Of all of the locomotive types or Class as they are correctly known that populated the Southern Railway during those days we members of The Tonbridge Spotters were impressed that we had our own locomotive class. The Southern Railway V [Schools] Class which was loosely based upon combination of both the Nelson and King Artur Class it was to be the last purpose built heavy express steam locomotive to be designed with a wheel arrangement of 4-4-0. The Schools were designed for no other reason than to run on the Southern Railway where the tunnels were narrow and the turntables at the engine sheds particularly between Tonbridge and Hastings were small, the Schools, I remember we had decided, were our locomotive.

A total of forty of these engines were built between 1930 and 35 and though formerly titled as V Class 4-4-0 they gained their name of Schools Class due to all being named after Public Schools. The Class started to be withdrawn from 1963 and by 1964 they had all gone from public mainline use. Of the forty built only three now remain in private ownership and in preservation, 30925 Cheltenham is owned by the National Railway Collection, 30928 is currently located as a static display at Sheffield Park and the last 30926 Repton is the only Schools Class at present still running and carrying fare paying passengers, this on the North Yorkshire Moors Railway.

I live now in the North East, however I am I suppose still a member of The Tonbridge Spotters, I do not ever recall us being formally disbanded we just left school and went our own way, perhaps who knows I may be the sole remaining member of The Tonbridge Spotters. I see now by referring to my various notes and records that though I have seen 30926 Repton many times the first recorded spotting by me was at Ashford on 26 August 1957 and the last time I saw her was 1 July 2008 when I travelled as a passenger on her from Grosmont to Pickering on the North Yorkshire Moors Railway whilst on a day visit, an interval of 51 years.

Tempus Fugit

Tempus Fugit………it certainly has.


I could say that I have been very busy, of course I have, I could say that there has been more important things that kept me away from the Blog, of course there has been, and I could say I have been lazy which is more likely to be the truth, so lazy it is.


So much has happened since the last entry, Christmas for example has been and gone.
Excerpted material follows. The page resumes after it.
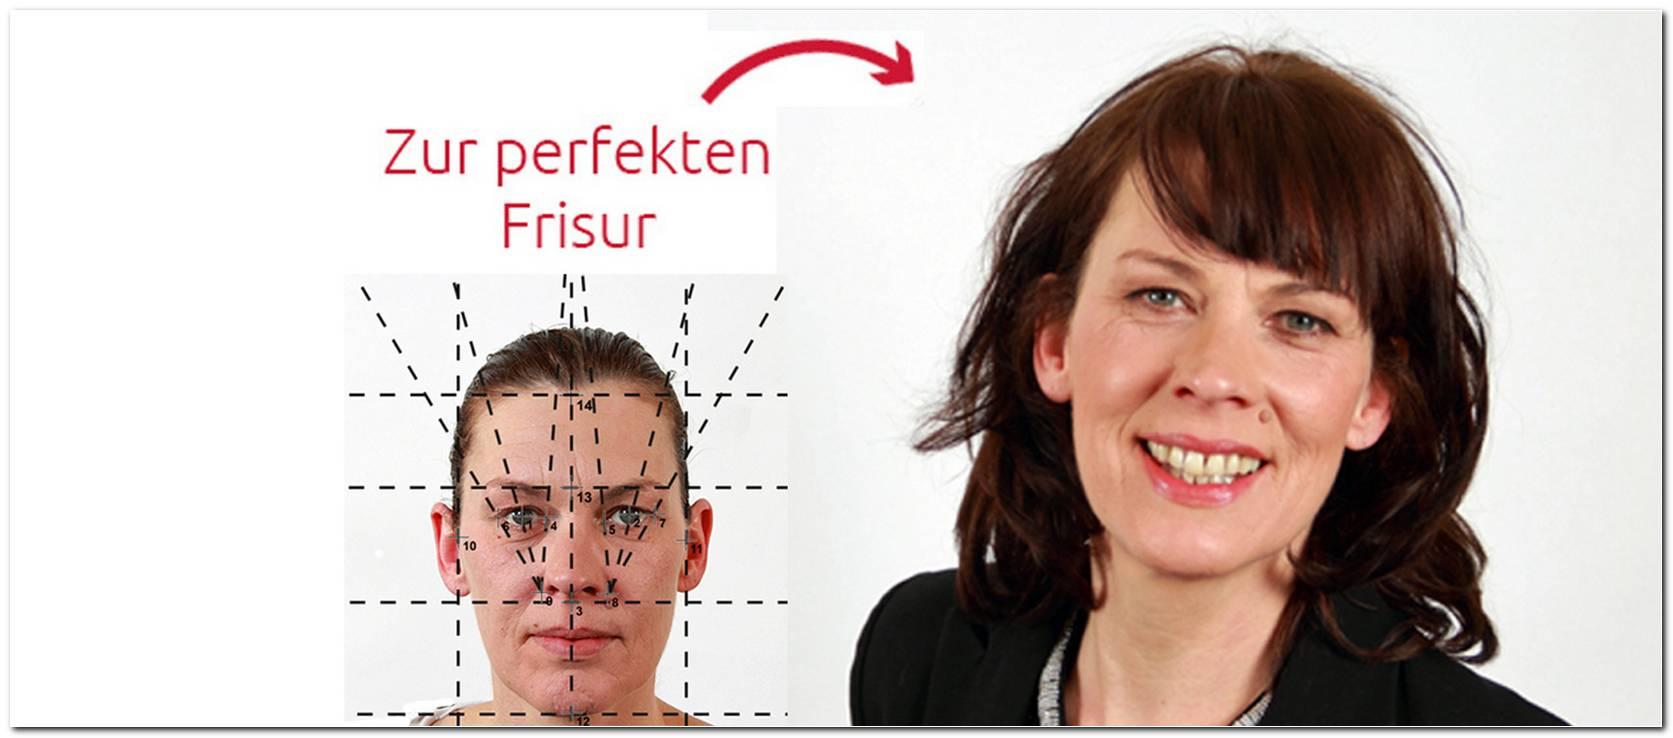 Frisuren Foto Hochladen

The world has gone into a financial free fall that started off in America with the collapse of the sub prime property market which then had the inevitable knock on effect through the financial world. Institutions started clamouring to try and get their loans back from each other, this led to the share price around the world collapsing and ultimately leading to massive job losses, which then again forced even greater falls in shares which then saw the collapse of some financial institutions. We have gained a piece of new terminology; Credit Crunch.


We have been to Germany to visit family. We travelled Commodore Class on the ferry from the Tyne to the Dutch port of Ijmuiden and very enjoyable it was, a few perks being in the line for first on and first off with the car, an enlarged cabin with a double bed rather than the bunks found in the standard cabin, and best of all a complimentary mini bar not found at all in the standard cabin, yes Commodore Class for us again.


The news over the last few weeks has been about that many of our Members of Parliament have been found out with their collective hand in the in the taxpayers till. If this should come as a surprise to some or not I am unsure, not perhaps that these people have been found out but rather that the public has now discovered that it has been going on for so long and certainly extends back long before this present Government.